▶ PROBLEM DESCRIPTION: The answer must be the full listing, word for word, with no pictures in it.

▶ INFORMATION SUPPLIED:

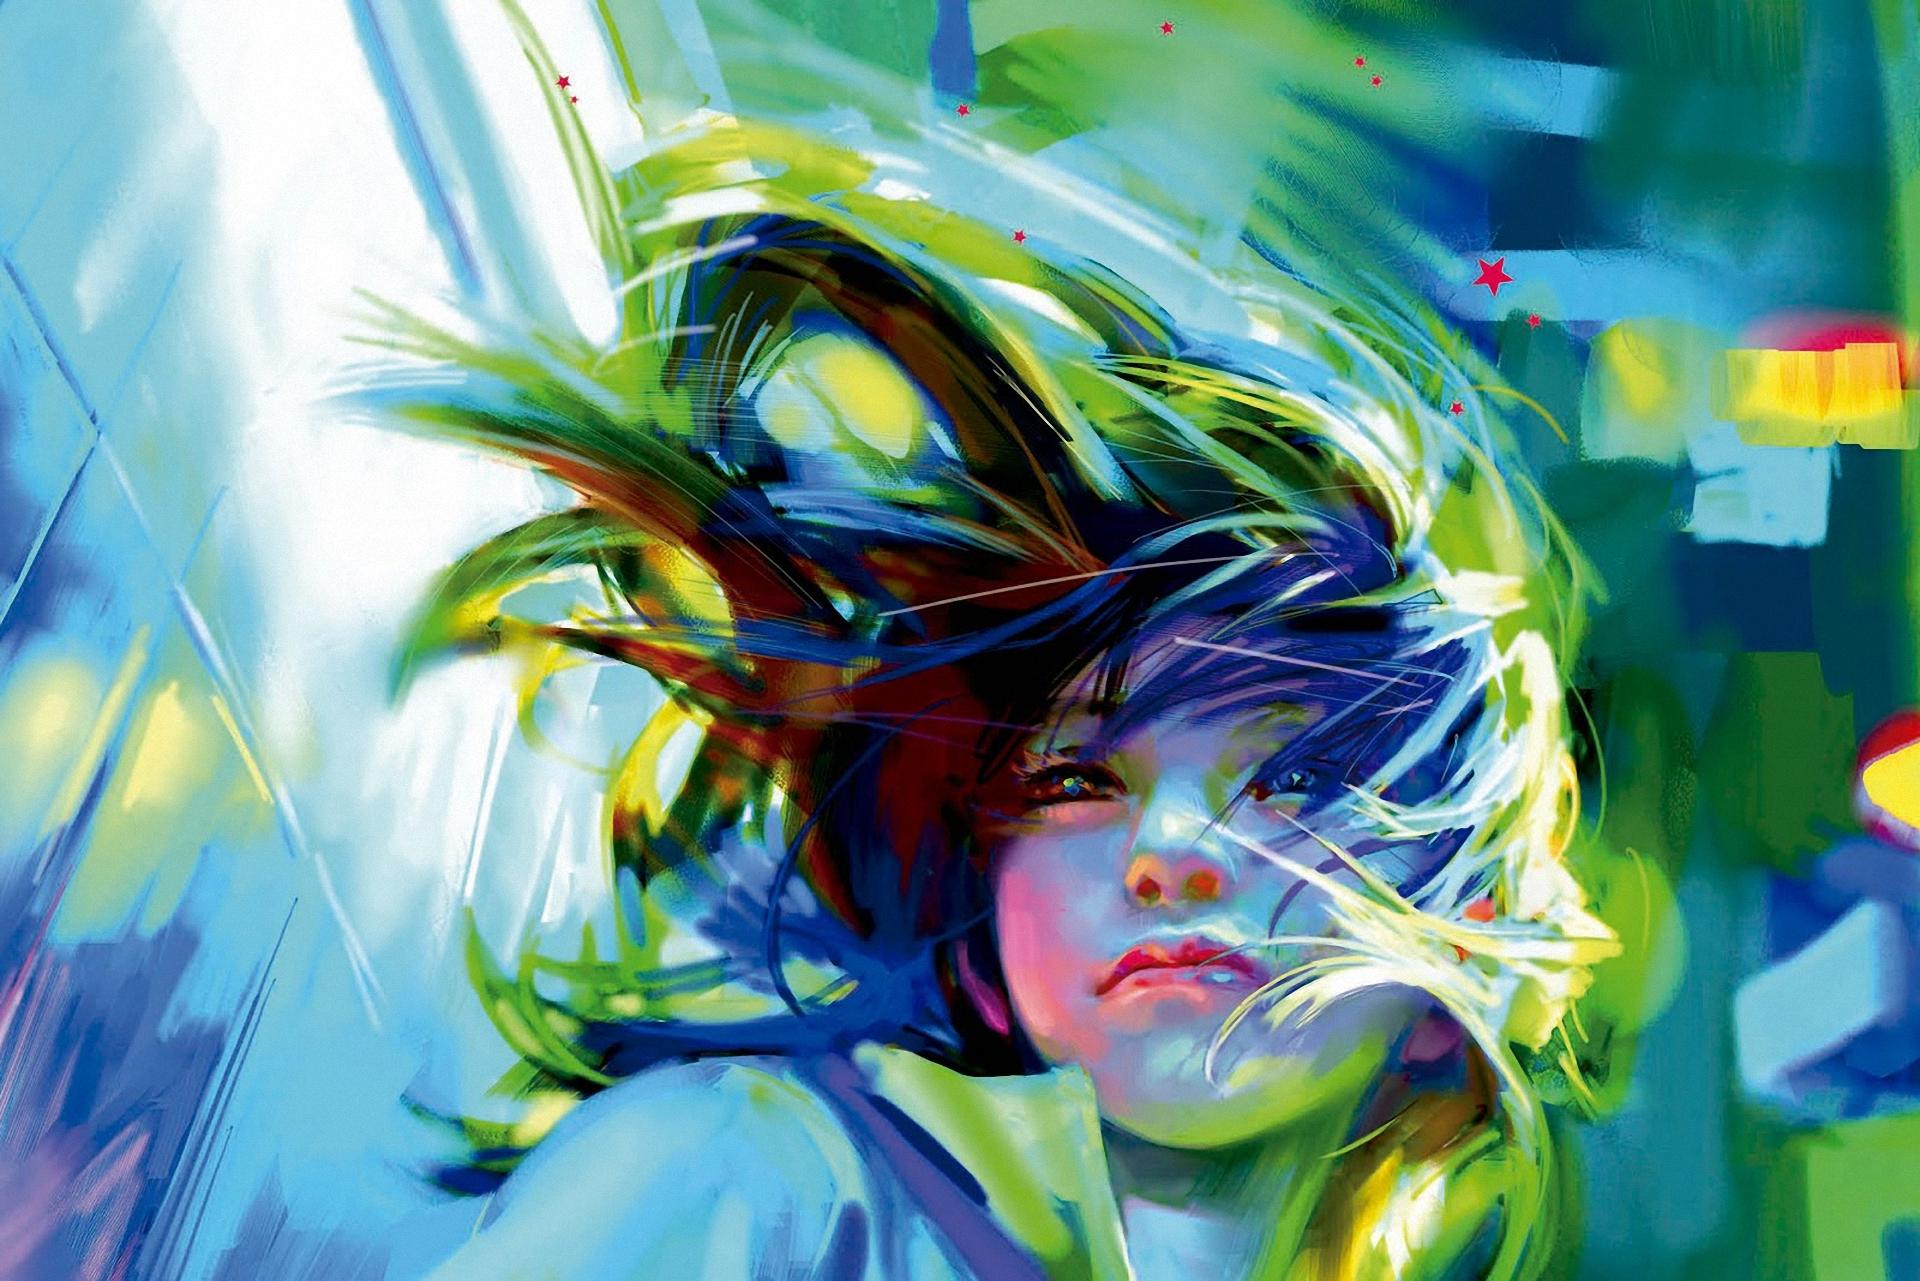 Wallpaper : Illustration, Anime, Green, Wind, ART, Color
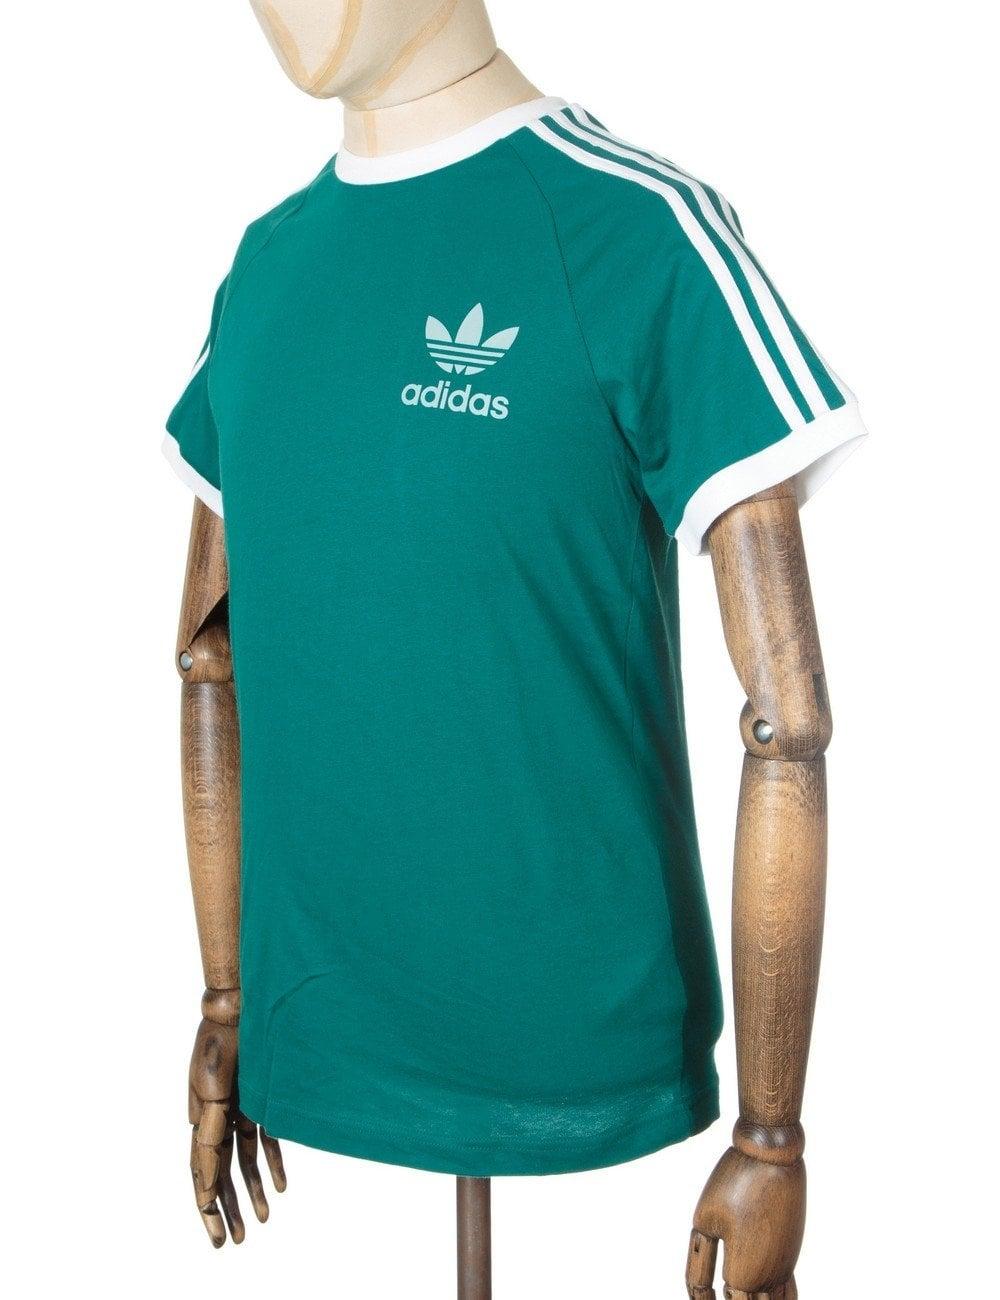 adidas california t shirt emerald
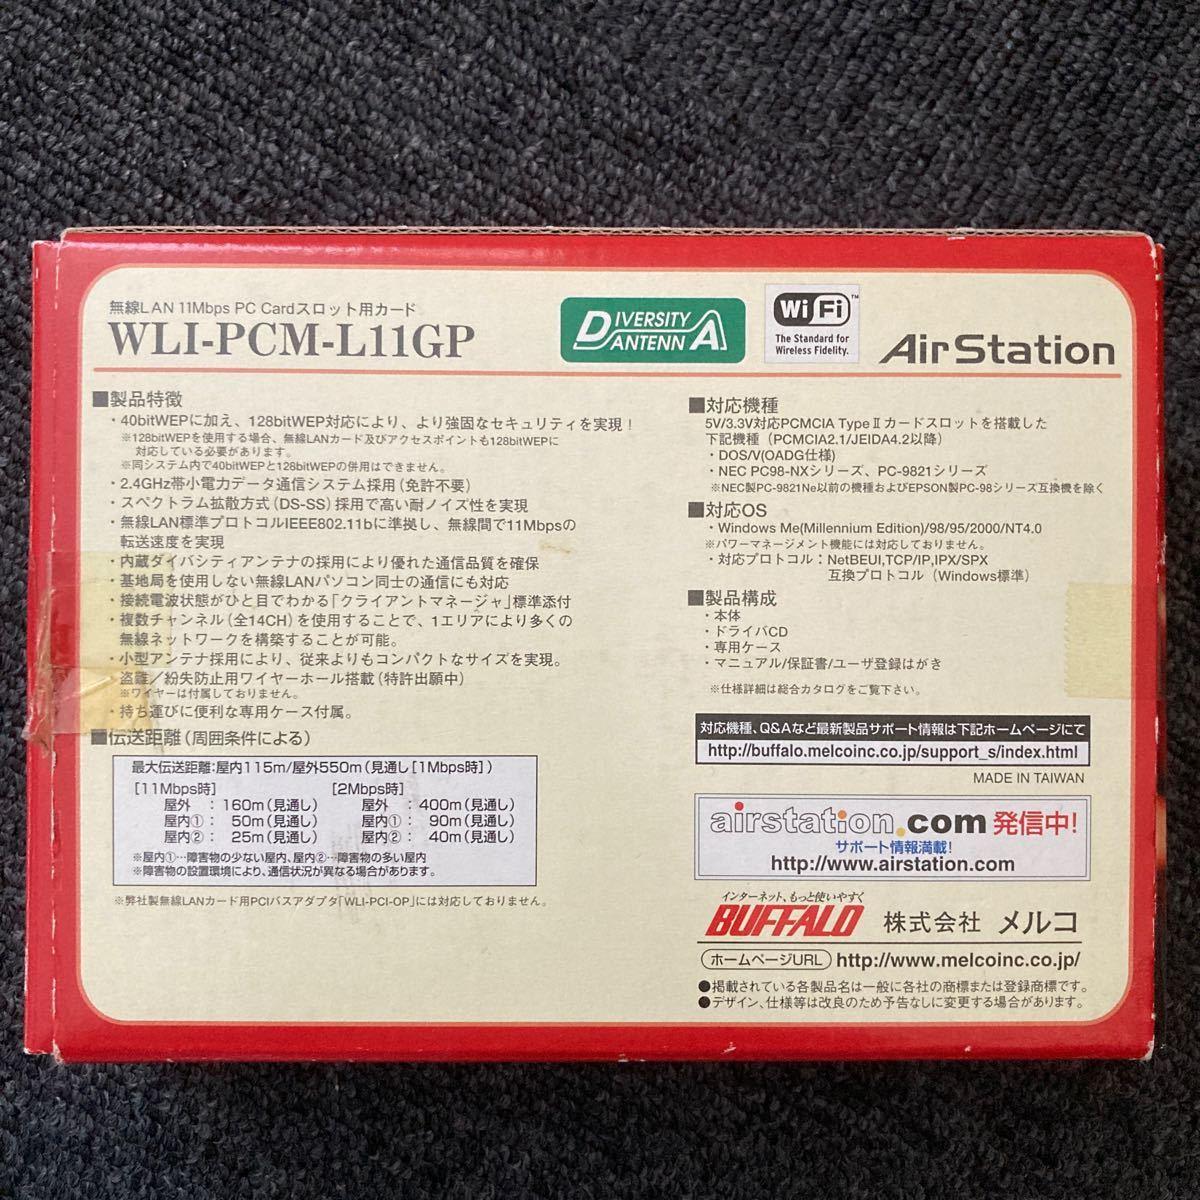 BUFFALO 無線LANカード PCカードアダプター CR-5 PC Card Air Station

▶ WRITTEN SOLUTION:
 Wallpaper : Illustration, Anime, Green, Wind, ART, Color
 adidas california t shirt emerald
 BUFFALO 無線LANカード PCカードアダプター CR-5 PC Card Air Station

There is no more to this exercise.